Melissa A. Cidade
Diane K. Willimack
Kristin Stettler
Demetria V. Hanna
Expanding Record-Keeping Study Methodology to Assess Structure and Availability of Data in Business Records
Sixth International Conference on Establishment Surveys (ICES VI)
Thursday, June 17, 2021
Thank you very much to my colleague, Diane Willimack, for organizing this exciting session. I am eager to share with you some of the important work we have been doing at the Census Bureau regarding measurement error and economic surveys, and what a forum to do it in!

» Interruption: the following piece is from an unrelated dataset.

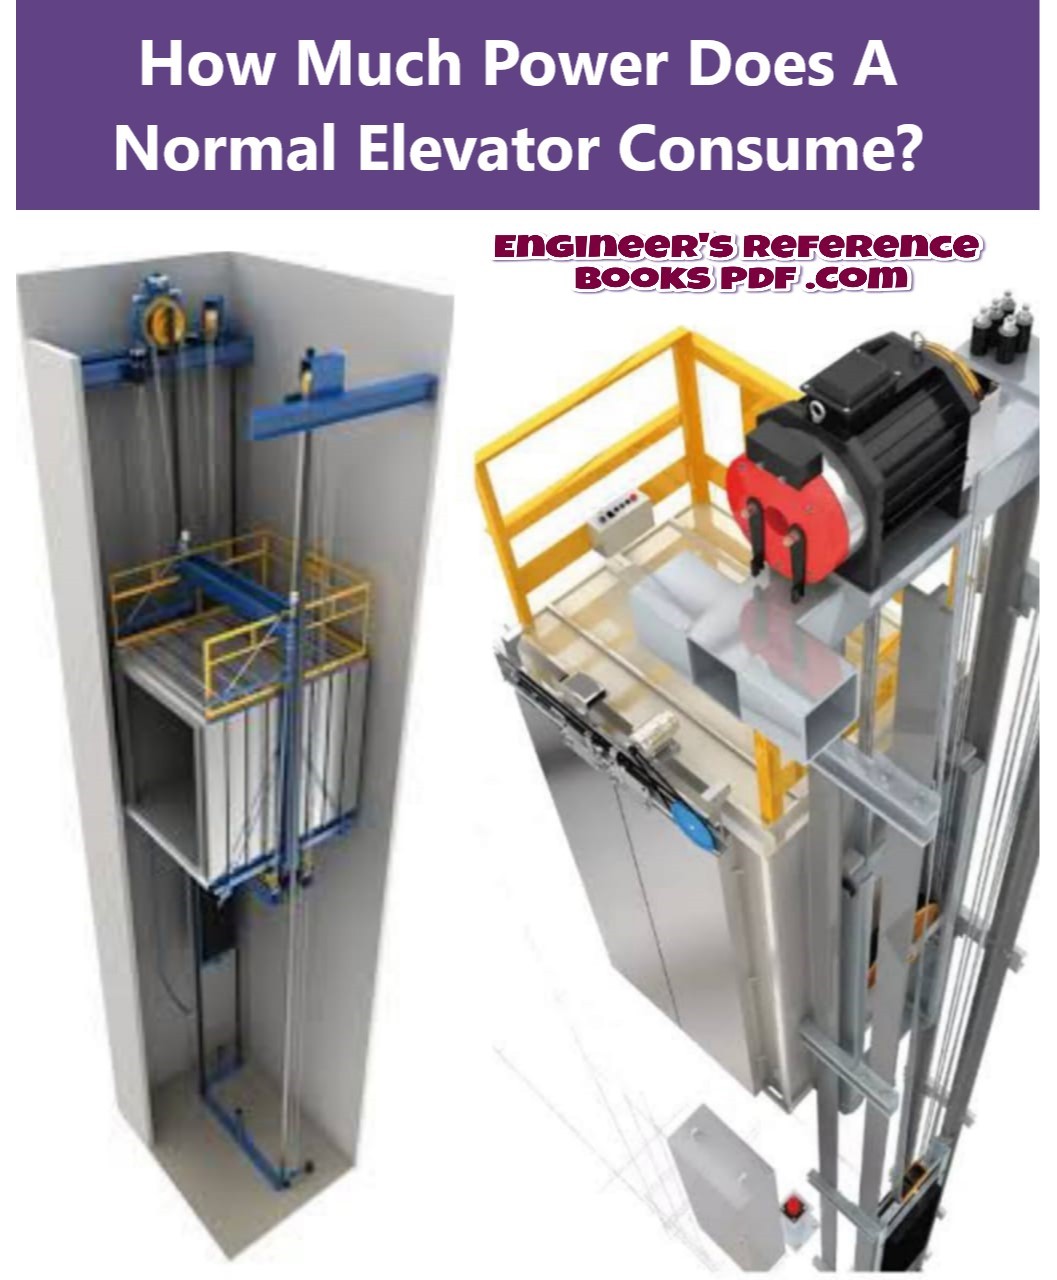 How Much Power Does A Normal Elevator Consume?
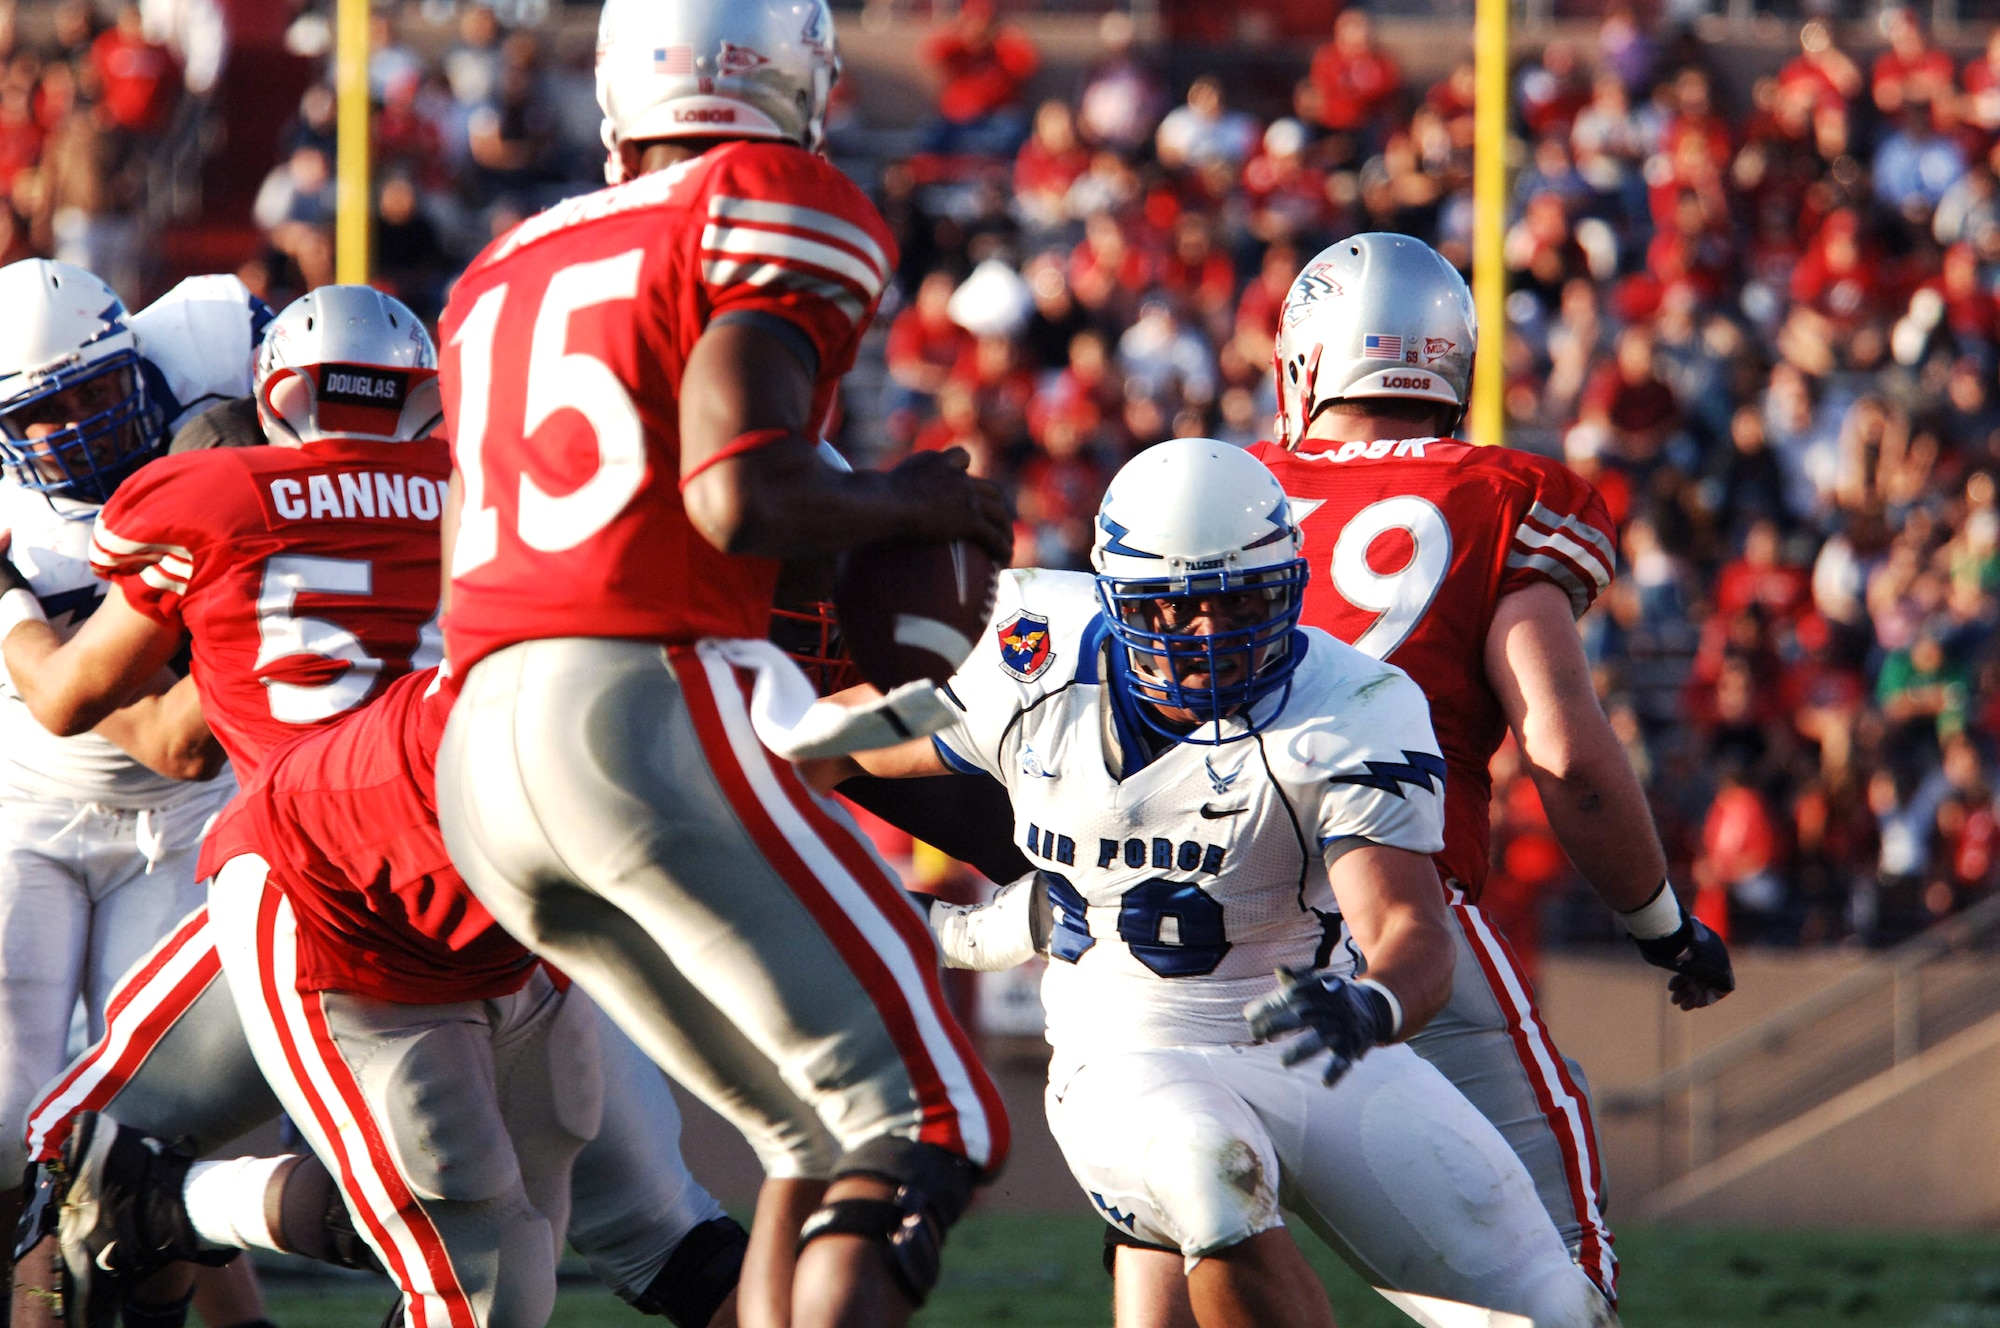 U.S. Air Force Academy defensive end Ryan Ricketts pressures New Mexico quarterback Donovan Porterie during football action Sept. 19, 2009, at Albuquerque, N.M. (U.S. Air Force photo/John Van Winkle)

I am Melissa Cidade, a survey methodologist in the Census Bureau’s Data Collection and Methodology Research Branch in the Economic Statistical Methods Division. I have had the pleasure of working on an extensive redesign of our economic surveys in collaboration with my co-authors: Diane Willimack, Kristin Stettler, and Demi Hanna. During this presentation, I am going to walk you through some of the methodological innovations we have developed over the past two years or so in support of this redesign.
<number>
<number>
In-Scope Economic Surveys
A few years back, the Census Bureau enlisted the National Academies of Sciences – referred to as naz – to systematically review our annual economic surveys. This panel was charged with providing recommendations to improve the “relevance and accuracy of the data, reduce respondent burden, incorporate alternative sources of data where appropriate, and streamline and standardize Census Bureau processes and methods across surveys” (NAS 2016: 6).
On your screen now are the surveys that were in-scope for that review. You can see that for the most part, the Census Bureau has used a sector-driven approach to survey development – note that manufacturing and services have their own set of surveys, trade has a set of surveys, and so on. One of the recommendations from the NAS panel is the implementation of an Annual Business Survey System – which has evolved into the Integrated Annual Survey, a streamlined, cross-sector, harmonized survey instrument designed to lower respondent burden while still achieving high quality, timely data in the service of the American economy.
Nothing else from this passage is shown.